Californians cannot drive in the rain. Best place to be during a rain storm out here is anywhere but on the road.

Though late-night cruising during a rain storm on the empty freeways with the music blasting can be quite enjoyable.


----------



## VanKalDriver (Sep 13, 2021)

I'm not even sure if I've delivered in the rain at all in 180 deliveries so far! It's been dry for those.

I would probably do it in light to moderate rain, but not heavy rain or a thunderstorm because of the risk of a loss of network connection, which would leave me not knowing where to deliver if the connection is lost before the order is ready or I don't know how to get there because of the lost connection. That would lead to a frustrated customer and likely thumb down.

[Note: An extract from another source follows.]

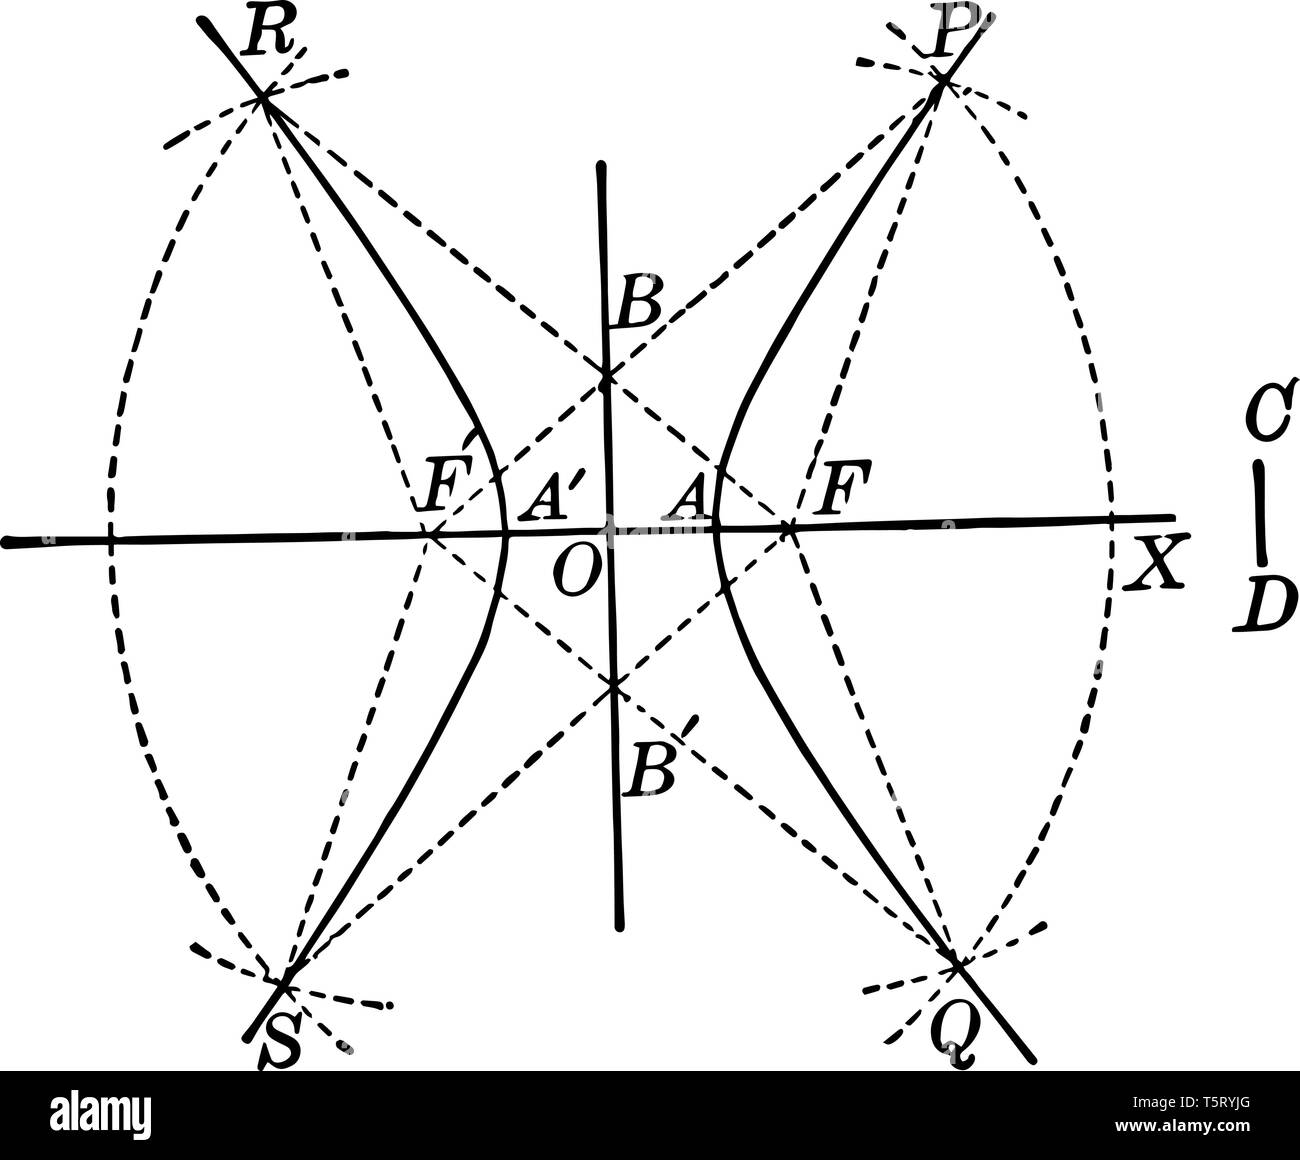 C'è un incrocio da due archi di cerchio del raggio. L'asse x è l'asse orizzontale o l'asse reale, l'altra è l'asse y è verticale e vi Illustrazione Vettoriale

As for snow and ice, I'll do it on pretty bad roads over some distance (I once delivered, while I was doing it directly for Takokat, from Paw Paw, MI to Bloomingdale in the county on icy roads so that customer didn't have to go out and get it) but not with heavy snowfall that could cut my network connection.


----------



## FLKeys (Dec 27, 2018)

If it is a light rain I have no issues. Being in the tropics we tend to get torrential downpours. Those are my hard passes. Sometimes they come out of no where and I start a delivery in Sunshine and get caught in one of these downpours. The few I have done have not shown any extra in the tip.


----------



## Lee239 (Mar 24, 2017)

Yes the rain makes it busier, less drivers want to work,restaurants are less busy because people do not want to go out in the rain. Tip depend, but you can pick and choose the rides. When I started I did have a person that tipped in the app and was waiting at the door with an extra $5 bill so that was nice. And less cars on the road because people will cancel their plans and errands.


----------



## ColonyMark (Sep 26, 2019)

Yes I do as long as it’s not a dangerous storm with lightning and hail. Some customers feel sorry for drivers when it’s raining and they tip more.


----------



## Ms. Mercenary (Jul 24, 2020)

FLKeys said:


> Do you do deliveries in the pouring rain? When I see rain coming I tend to turn deliveries off.
> 
> Do people tip more when it is raining? Do delivery requests go up in the rain?


Depends on my mood. I’m fine driving in it, hsd lots of experience. But no, people do not tip more. And that pisses me off. So the order needs to be VERY good from the get-go. Otherwise it’s just not worth it. Get yourself in a slicker and get your own darn food if you’re cheap.


----------